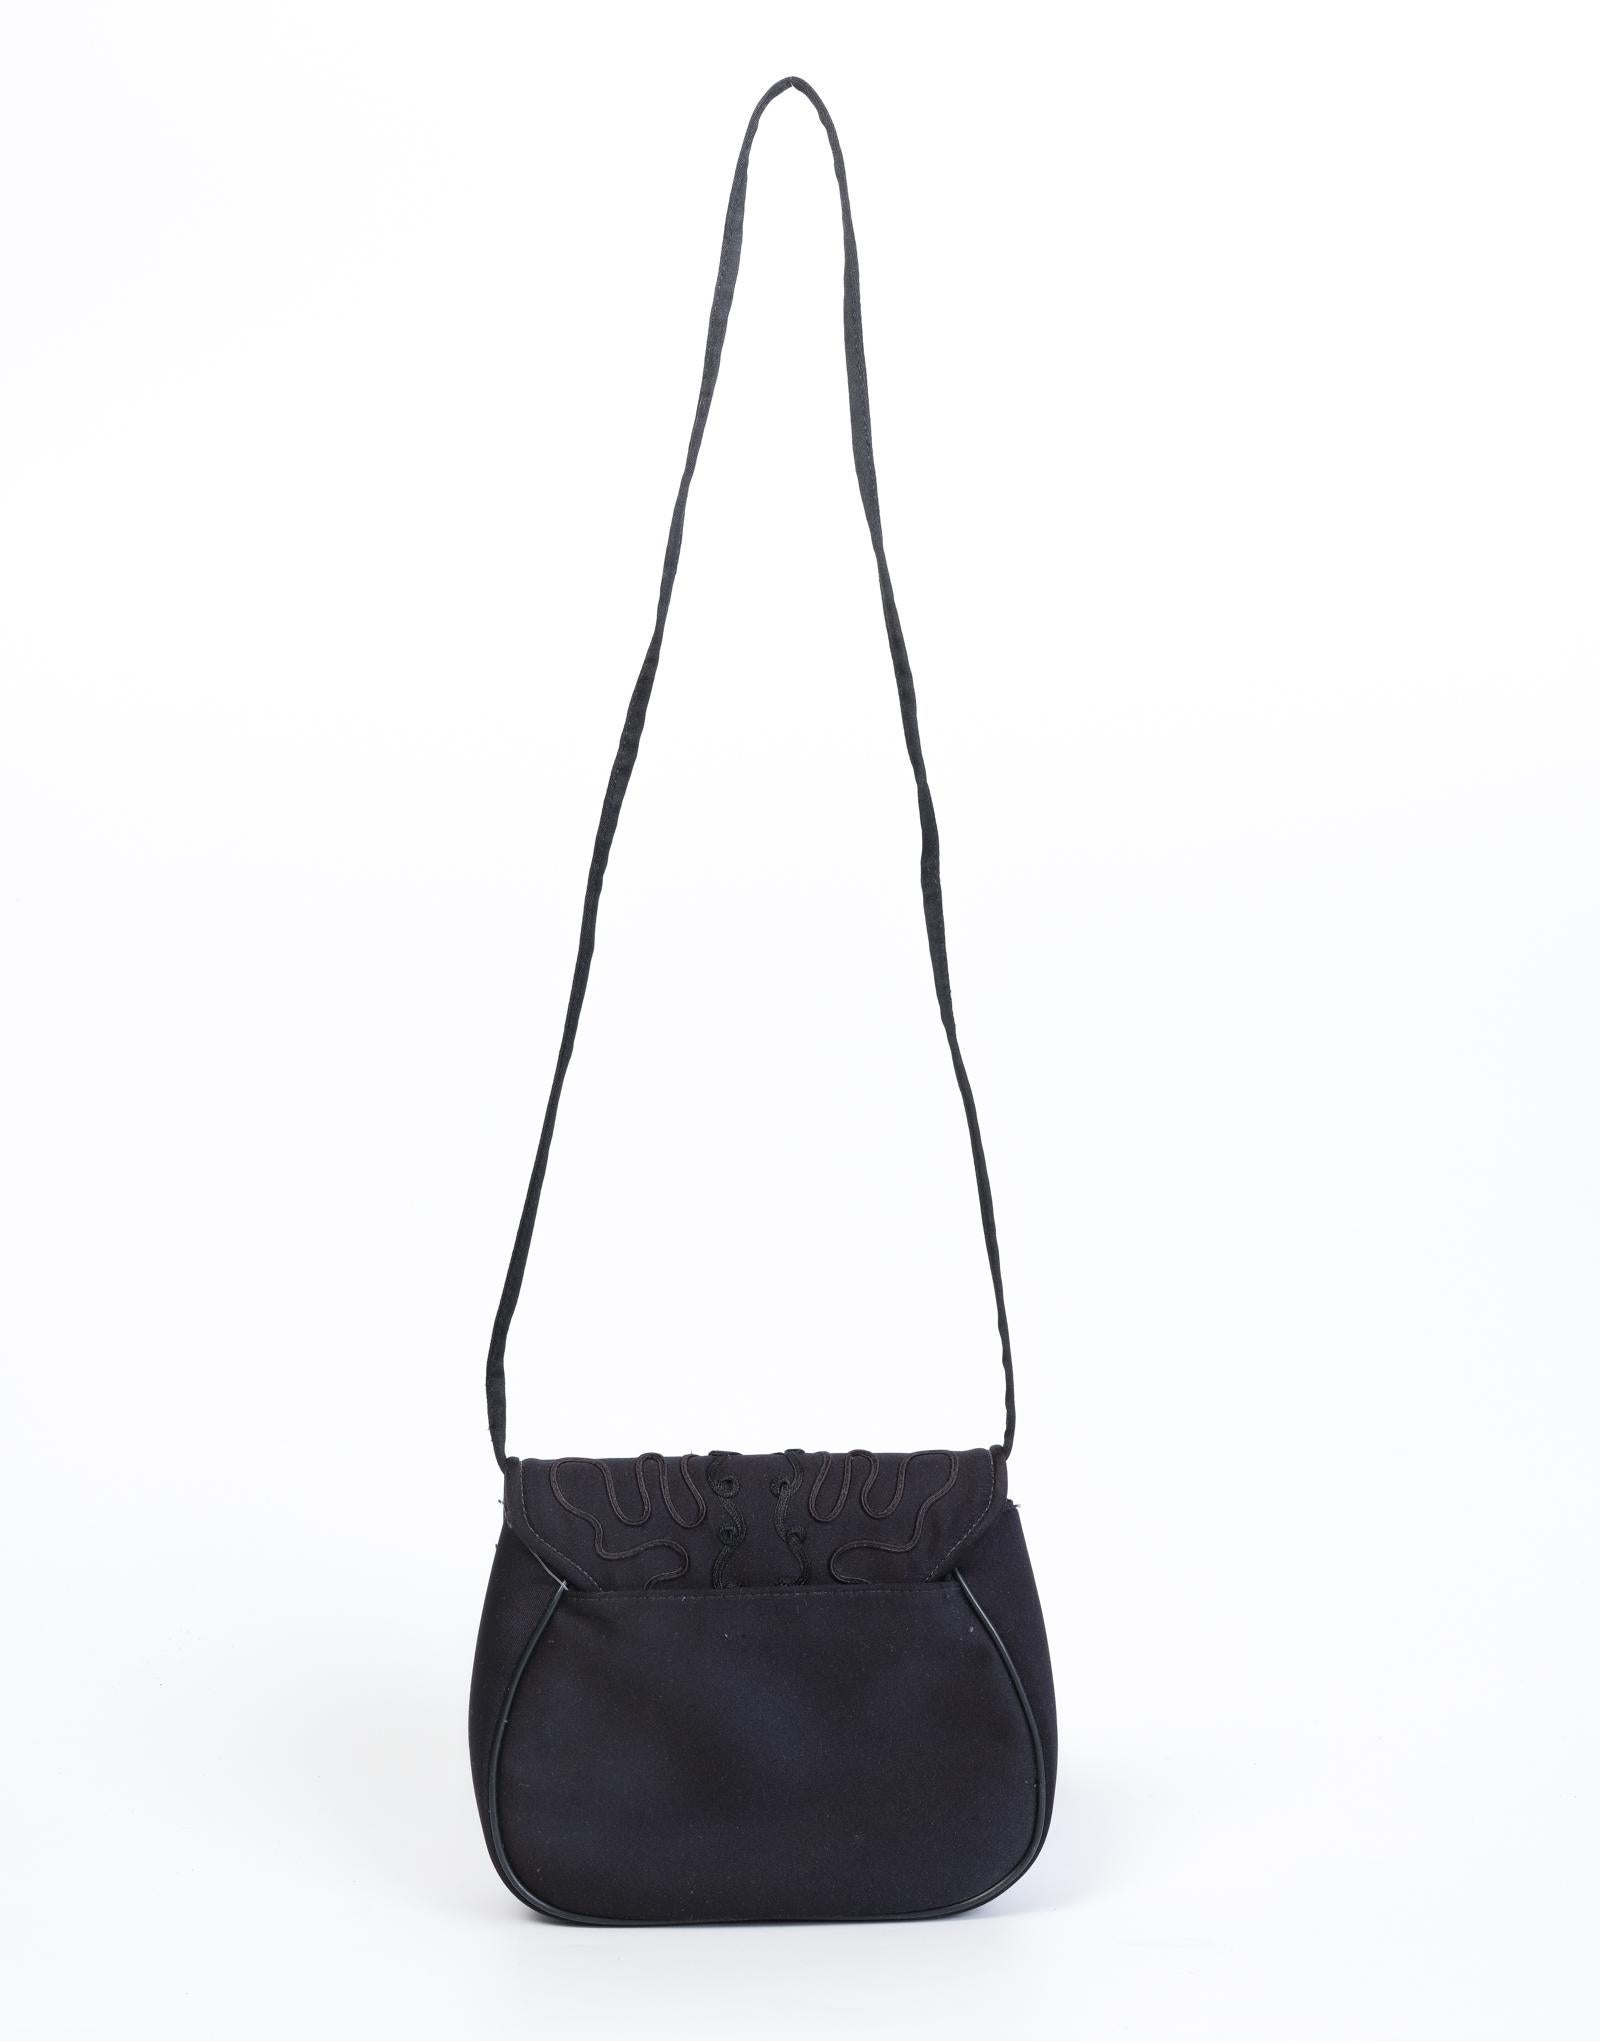 Ce sac vintage Givenchy est fabriqué en satin noir et présente une broderie ornée sur le rabat avant ainsi qu'une longue lanière en tissu pour le porter en bandoulière. Un style classique et sophistiqué.

COULEUR : Noir
MATÉRIAU : SATIN
CONDITION :
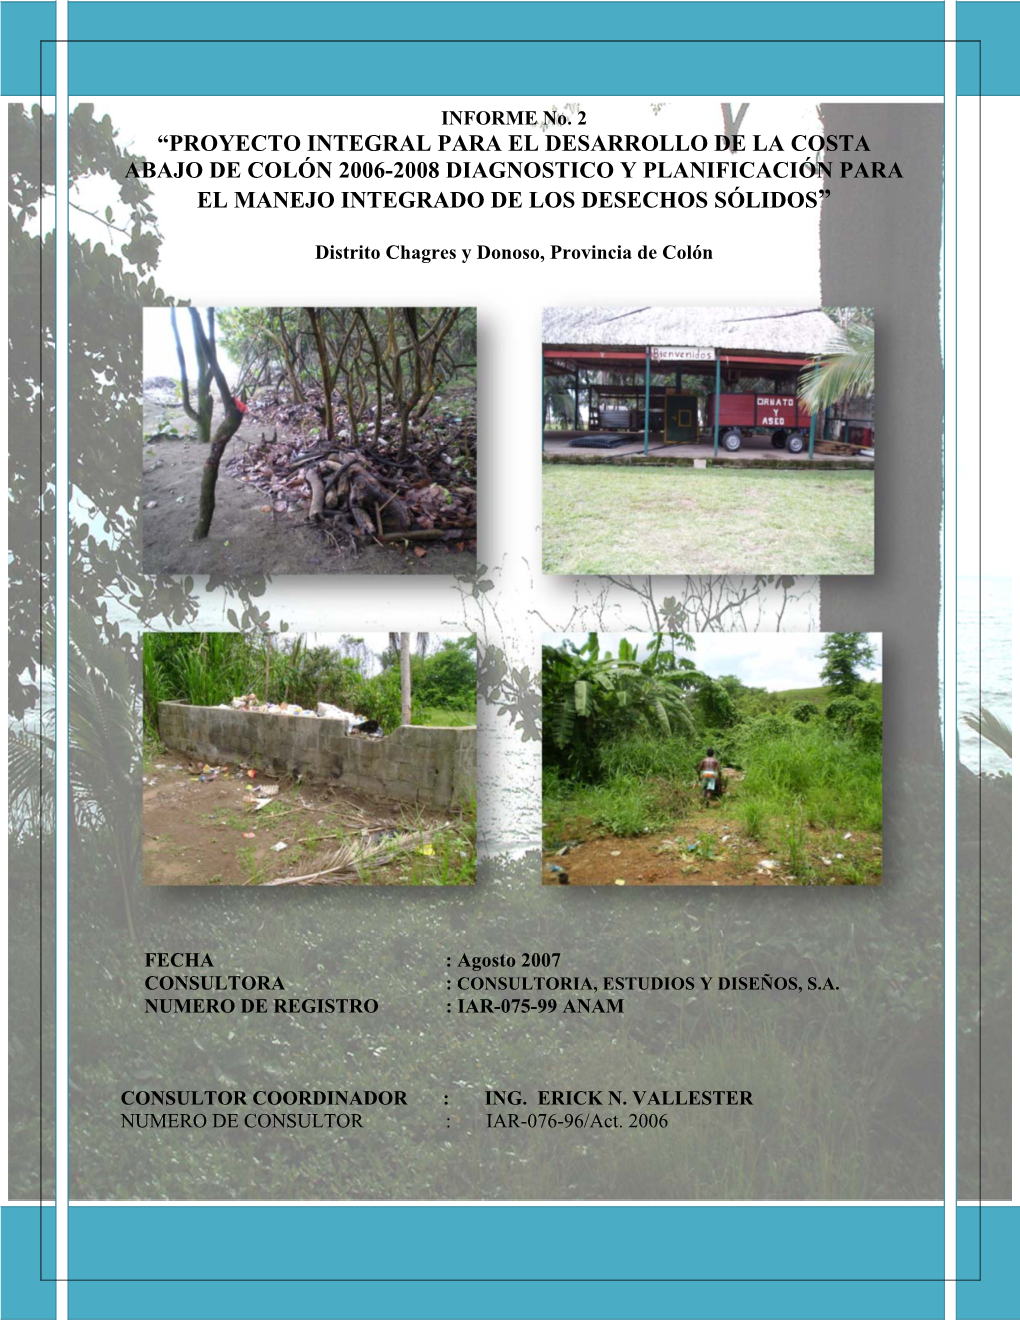 Proyecto Integral Para El Desarrollo De La Costa Abajo De Colón 2006-2008 Diagnostico Y Planificación Para El Manejo Integrado De Los Desechos Sólidos”
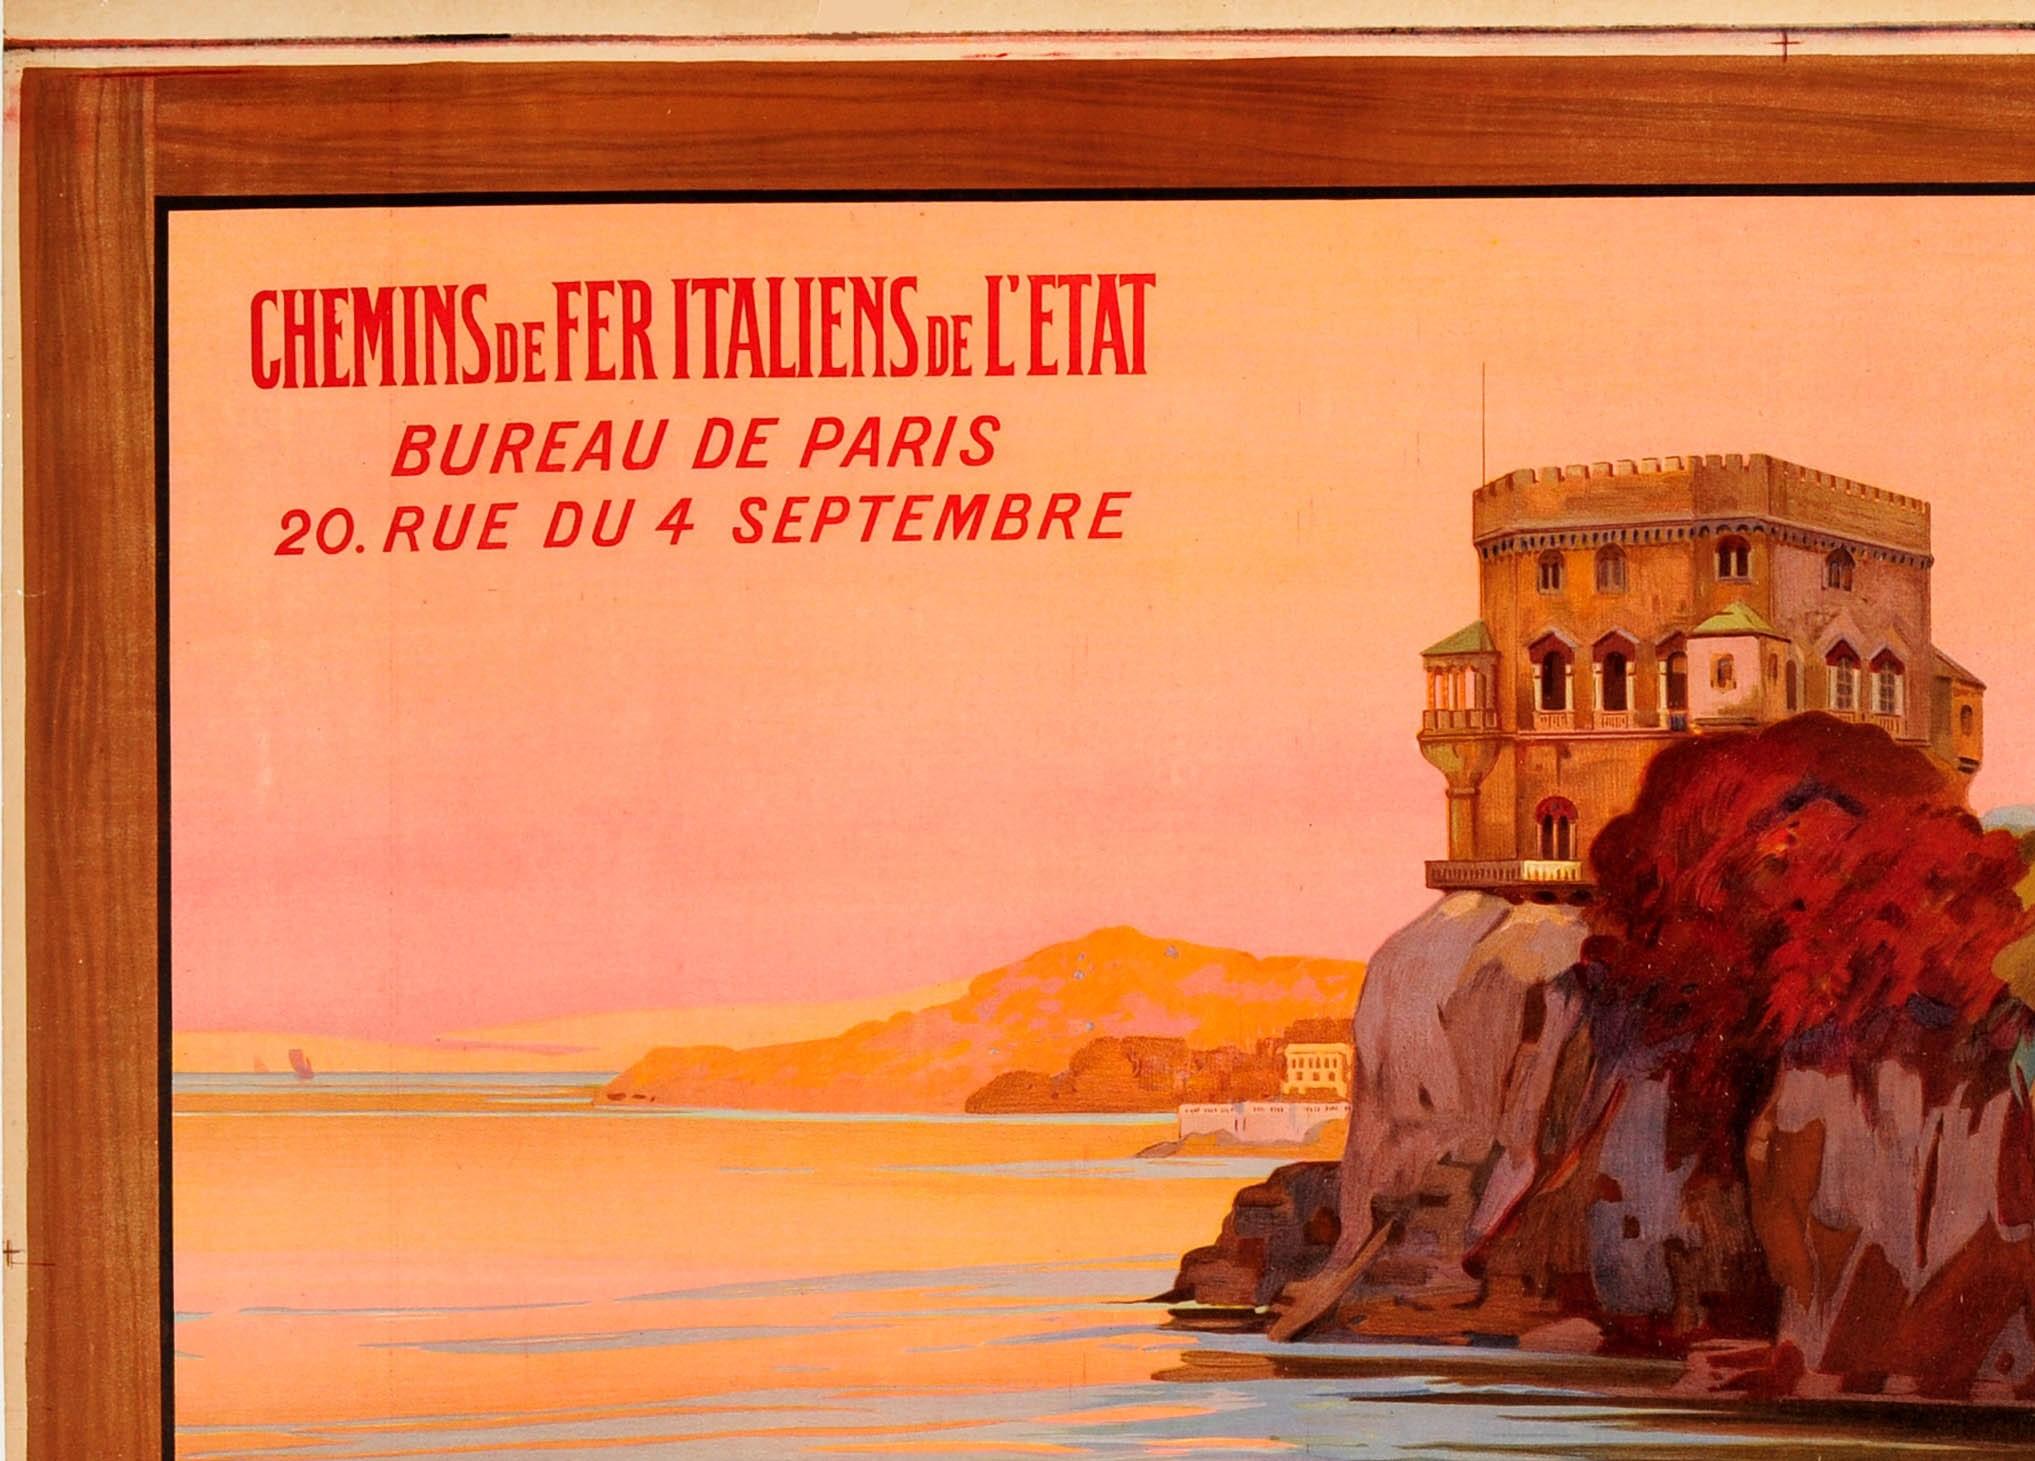 Großes originales antikes Reise-Werbeplakat für die italienische Riviera Italien / Riviera Ligure Italia mit dem Zug / Chemins de Fer Italiens de l'Etat (Italienische Staatsbahnen) mit einem atemberaubenden Bild von Enrico Grimaldi (1879-1966) des

[PROBLEM DETAILS]:
The records above should be written out in full and unchanged, except that pictures are dropped.

[RESPONSE BOX]:
 Ce sac vintage Givenchy est fabriqué en satin noir et présente une broderie ornée sur le rabat avant ainsi qu'une longue lanière en tissu pour le porter en bandoulière. Un style classique et sophistiqué.

COULEUR : Noir
MATÉRIAU : SATIN
CONDITION :
 Proyecto Integral Para El Desarrollo De La Costa Abajo De Colón 2006-2008 Diagnostico Y Planificación Para El Manejo Integrado De Los Desechos Sólidos”
 Großes originales antikes Reise-Werbeplakat für die italienische Riviera Italien / Riviera Ligure Italia mit dem Zug / Chemins de Fer Italiens de l'Etat (Italienische Staatsbahnen) mit einem atemberaubenden Bild von Enrico Grimaldi (1879-1966) des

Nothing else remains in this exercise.